2018… The Year of… Python?!

Over the past few years, I’ve been dealing with things in C# and Java, especially in bringing newcomers to the field and helping those who may be older in the field get some new tools.  I fell into this groove with C# and Java, and yes, I even had a change of heart with Java.  (When I saw Java in the late 90s/early 00s, it was a strong dislike relationship.  Nowadays, I actually like it!)  Little did I realize that this year would be a departure from C# and Java and cycling back to another one of the languages in my toolbelt – Python!

Early 2018 Changes

I left my last employer at the end of 2017, as I could feel the winds of change and knew it was the right time for me to move on.  What I hadn’t anticipated was my direction.  I figured I would stay in the training realm with more C# and .NET-related topics.  However, I picked up a client in the Python space and in the process, dusted off the cobwebs in my Python space as well as ramped up JavaScript yet again with React and Redux.  Wait… Python?!?

My History of Python

I don’t remember what it was that convinced me to look at Python.  I suspect it might have been talking with a colleague decades ago and his mention of the local Python user group.  I do know that once Microsoft entered in the Python space with IronPython, I had to see what it was about.  Python on .NET?  What?! (Ok… part .NET, part Mono….)  The absurdity of Microsoft bringing Python in .NET really appealed to me.  Why?  I’ve been a Microsoft fan all of my life, and then there’s the part of me that likes Linux and the command line as well. So when any of those can be combined, I’m intrigued.  Little did I realize that my playing around with Python as a hobby back then would lead me to present IronPython on Linux at PyCon 2009. (Oh and the team was in my audience… yeah, the IronPython team… and the father of the language… oh, no pressure.  Argh! 🙂 )

Back then, I didn’t want to be the only one playing with this.  I did some user group and conference presentations introducing C# folks to Python.  In 2008-2010, I made my rounds to local user groups and conferences (Cleveland, Columbus, Cincinnati, Sandusky, Dayton, even a Cincinnati financial company’s internal group).  I took a break from Python towards the end of 2010 because book writing took over my life PowerShell distracted me.  However, my inner polyglot shelves languages for later, never really forgetting them.

Return to Python

Since I picked up a client who used Python, I figured I better brush up on my Python again.  This time, while going through my day-to-day work, I also went through some of the Python training over on DataCamp.  (How I love DataCamp’s courses!  I’ll save that for another blog post.)   What I love most about picking up Python again is seeing how quickly I regained my muscle memory/coding memory for the language.  I had to pick up some Python 3 changes, but because a lot of the concepts are similar to what I’ve seen and done in other languages, it’s been syntax adjustment more than anything.

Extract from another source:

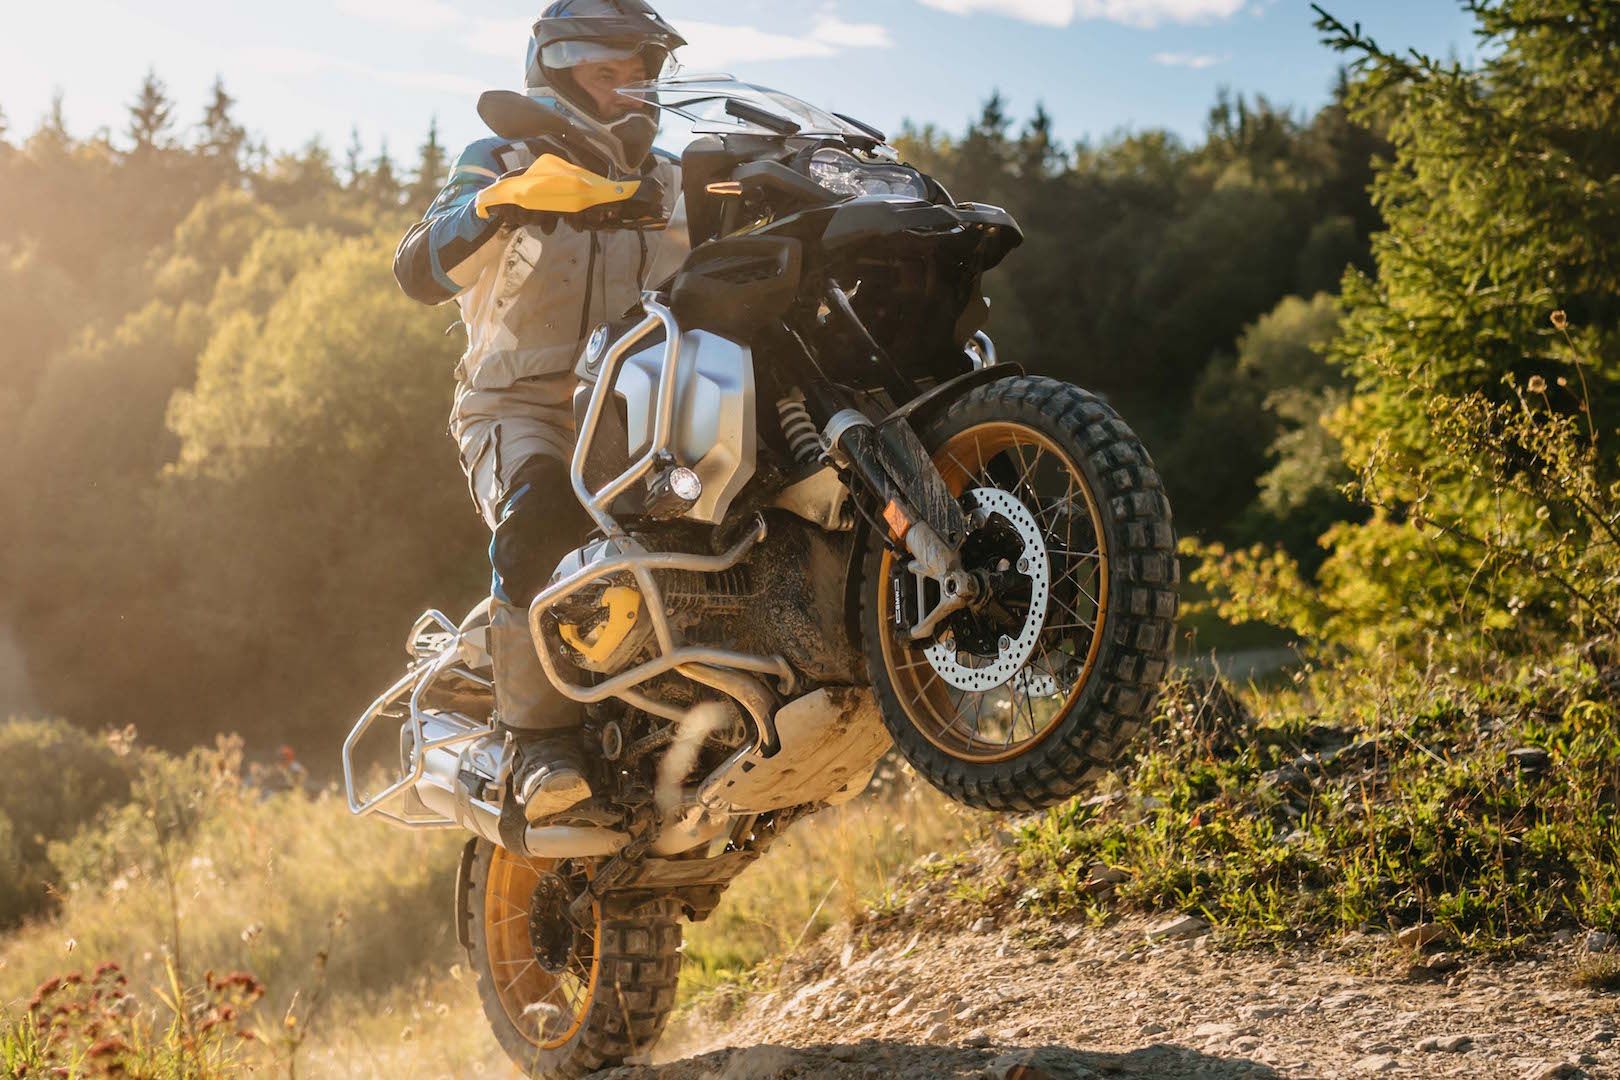 This Is The 2021 BMW R1250GS GSA: Adaptive Headlight, Heated Seat, New Color

In addition to returning to Python code for some of my consulting work, I also fell for pandas, matplotlib, and Jupyter notebooks (shoutout to Brian Sherwin and his Drops of Jupyter talk).   Data has always been a love of mine, and poking at the data science realm in Python…. so much fun!

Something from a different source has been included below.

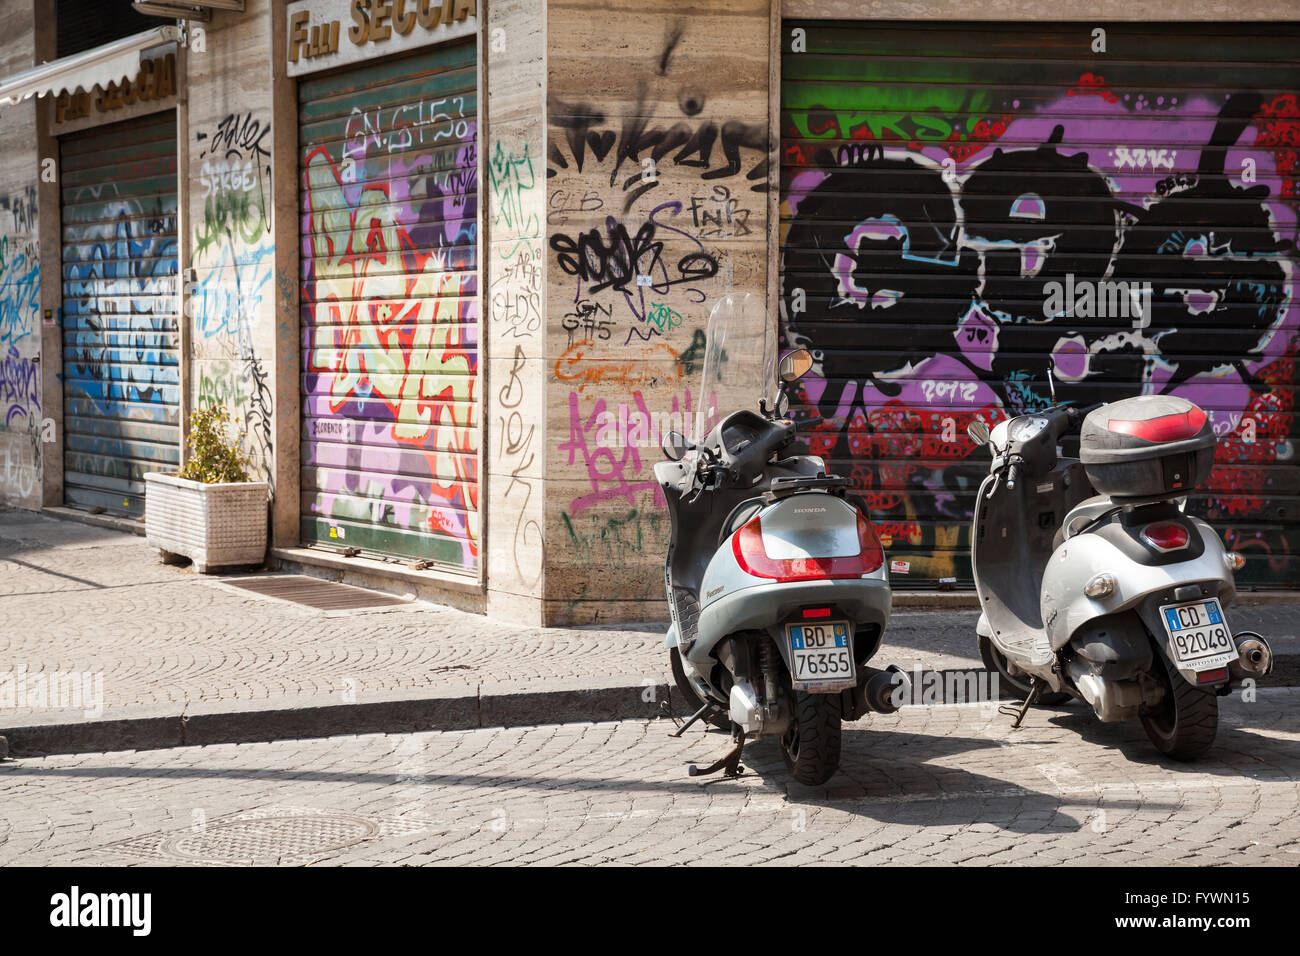 Naples, Italy - August 9, 2015: Two scooters parked on a roadside in Naples Stock Photo

Also… Microsoft has been growing in the Python space since the last time I did talks on Python.  So now I can include the likes of Python Tools for Visual Studio (PTVS), Visual Studio Code, and Azure Notebooks in my Python presentations.  Yes – Microsoft is in the Python space!  Anaconda now ships with Visual Studio Code.  And Visual Studio Code has LiveShare, so you could remote pair program in Visual Studio Code on multiple platforms – or even have someone LiveShare in Visual Studio Code in Linux while someone else is in Visual Studio in Windows.

So what lies ahead?

Apparently, 2018 is my year of Python so far, and I’m curious to see where it leads.  I didn’t plan on going this route, other than looking into data science more.  I was excited to see Python in SQL Server 2017 – again, this is an absurdity thing for me that makes me more curious.  I end up playing with the technologies, learning how I can work with them and others can, and then turn them into presentations.  Working with Python for a client brought Python back into the presentation topics.  With Python growing in the Microsoft space and with it huge in the data science realm (which is growing as well), I don’t think Python will be leaving my topics for awhile.  I already have some local user groups reaching out to me to deliver my Python for C# Developers talk (1st presented in Hong Kong this year), and if this is something you’re interested in seeing, let me know!  (Yes, I am interested in doing remote presentations and not just in-person.)